Now we can write a function to send arbitrary data using a packet socket. The `socket` function takes three arguments:

- socket family: we use `AF_PACKET` for a packet socket,
- socket type: we use `SOCK_RAW` which means we control the ethernet headers,
- protocol: this will filter incoming packets by protocol. We want full control so use `ETH_P_ALL` (this constant is defined in header `net/ethernet.h` but isn't exposed in Python, we define it ourselves.

In [3]:
def packet_socket(interface_name):
    ETH_P_ALL = 3
    s = socket.socket(socket.AF_PACKET, socket.SOCK_RAW, socket.htons(ETH_P_ALL))
    s.bind((interface_name, 0))
    return s

But we can't just send arbitrary data, it must be a valid Ethernet frame:

In [4]:
s = packet_socket("lo")
try:
    s.send(b"HELLO")
except OSError:
    print("Invalid Ethernet frame!")
finally:
    s.close()

Invalid Ethernet frame!


We can make a simple context manager to handle closing of the socket:

In [5]:
from contextlib import contextmanager

@contextmanager
def open_packet_socket(interface_name):
    print("Opening socket.")
    sock = packet_socket(interface_name)
    try:
        yield sock
    finally:
        print("Closing socket.")
        sock.close()

In [6]:
with open_packet_socket("lo") as s:
    try:
        s.send(b"HELLO")
    except OSError:
        print("Invalid Ethernet frame!")

Opening socket.
Invalid Ethernet frame!
Closing socket.


## OSI model layers

1. Physical (Copper, Fibre, Radio etc.)
2. Link (Ethernet, PPP etc.)
3. Network (IPv4, IPv6)
4. Transport (TCP, UDP)
5. Session
6. Presentation
7. Application (HTTP etc.)

## Ethernet (Layer 2)

Ethernet supports sending frames. It can be assumed that all frames sent will be received by all other interfaces on the network. All interfaces are uniquely identified by a MAC address and each frame will contain a source and destination MAC address. This way, interfaces can decide which frames are intended for them and which are not.

### MAC addresses

MAC addresses are 48 bits (6 bytes) long. They are usually formatted in hexadecimal with bytes separated by colons.

In [7]:
def encode_mac_addr(mac_address):
    return bytes.fromhex(mac_address.replace(":", ""))

In [8]:
encode_mac_addr("01:02:03:04:05:06")

b'\x01\x02\x03\x04\x05\x06'

In [9]:
def format_mac_addr(mac_address):
    return ":".join(f"{byte:02x}" for byte in mac_address)

In [10]:
format_mac_addr(b"\x01\x02\x03\x04\x05\x06")

'01:02:03:04:05:06'

### Ethernet II frame

In addition to the MAC addresses, an Ethernet II frame only contains a 2-byte *ethertype*, the payload, and a checksum. The checksum will be automatically generated by the operating system, so we only need to specify the others:

In [11]:
def ethernet_frame(dst_addr, src_addr, ethertype, payload):
    return dst_addr + src_addr + ethertype + payload

Some common ethertypes are:

In [12]:
ARP  = bytes.fromhex("08 06")
IPV4 = bytes.fromhex("08 00")
IPV6 = bytes.fromhex("86 DD")
CUST = bytes.fromhex("08 01")  # custom, not a real protocol

So we can now send a frame to the loopback interface:

In [13]:
frame = ethernet_frame(
    src_addr=encode_mac_addr("00:00:00:00:00:00"),
    dst_addr=encode_mac_addr("00:00:00:00:00:00"),
    ethertype=CUST,
    payload="Hello, world!".encode(),
)

with open_packet_socket("lo") as s:
    s.send(frame)

Opening socket.
Closing socket.


## Internet Protocol version 4

Ethernet is suitable for small to medium sized networks but it could never work on the scale of the Internet. The Internet Protocol version 4 (IPv4) is used to route packets across many different layer 1/2 networks such that any two devices in the world can communicate.

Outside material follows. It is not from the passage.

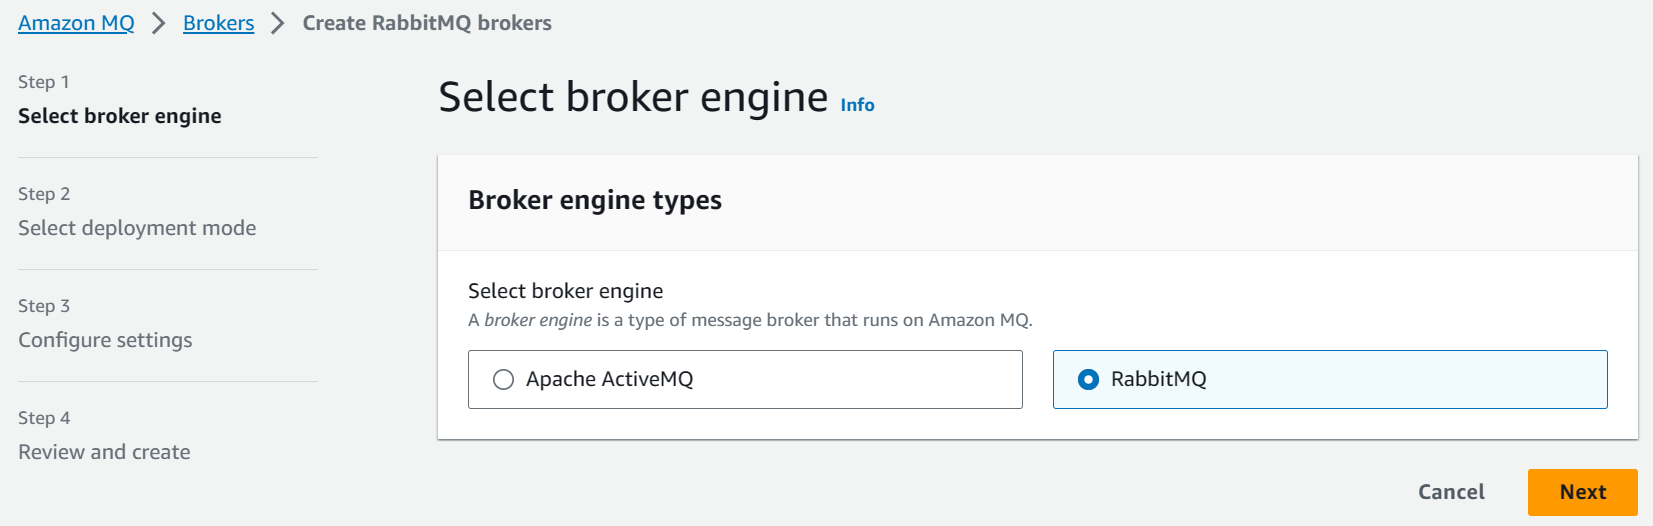 Create a new Amazon MQ broker using the RabbitMQ broker type.

To achieve this, each device gets an IP address in addition to its MAC address. Unlike MAC addresses, which are hardwired into network interfaces, IP addresses are dynamic and only make sense in layer 3.

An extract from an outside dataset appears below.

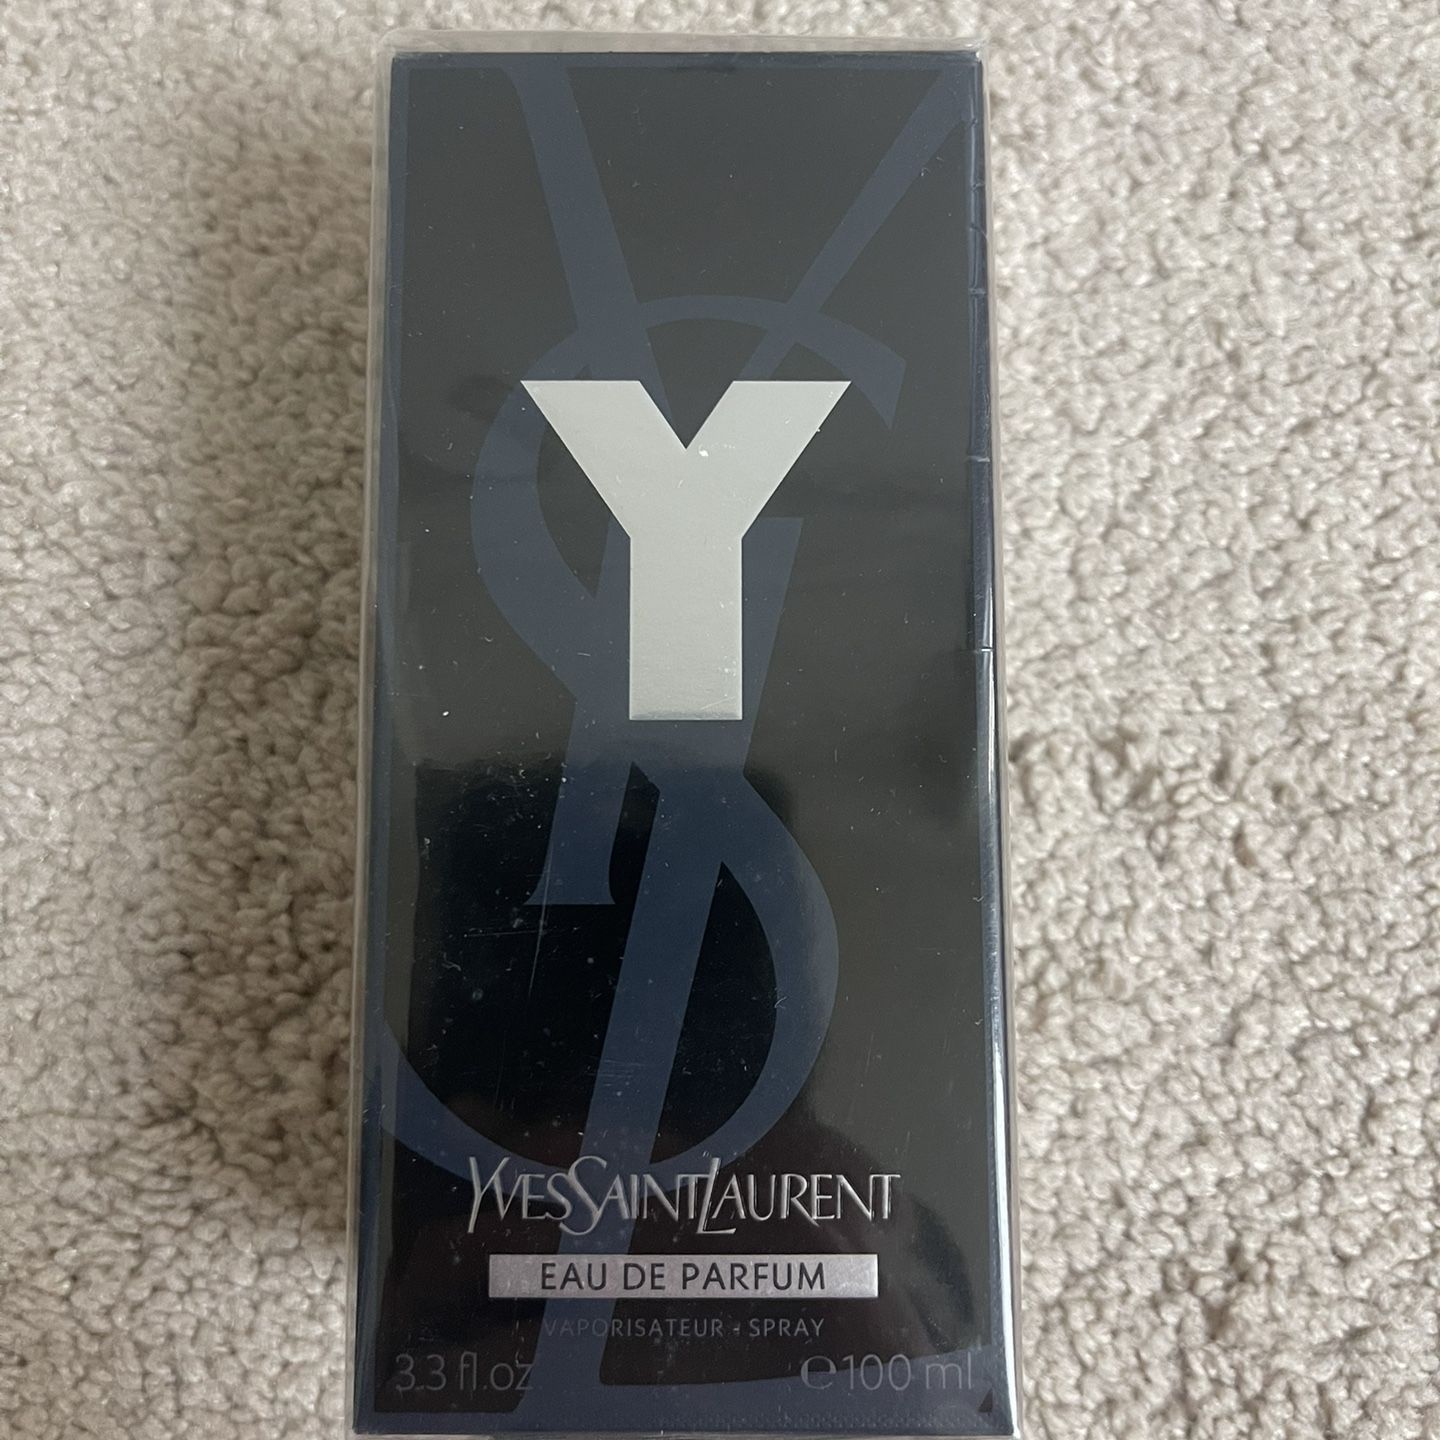 Yves Saint Laurent Eau de Parfum(Men’s Cologne)

In addition to an IP address, each device is also configured with a subnet mask and a gateway. The subnet mask tells the host which other IP addresses are on its local network. For those on its local network, communication is performed directly over Ethernet. For hosts outside of its local network, packets are instead sent to the router which will forward it to another network which contains that host.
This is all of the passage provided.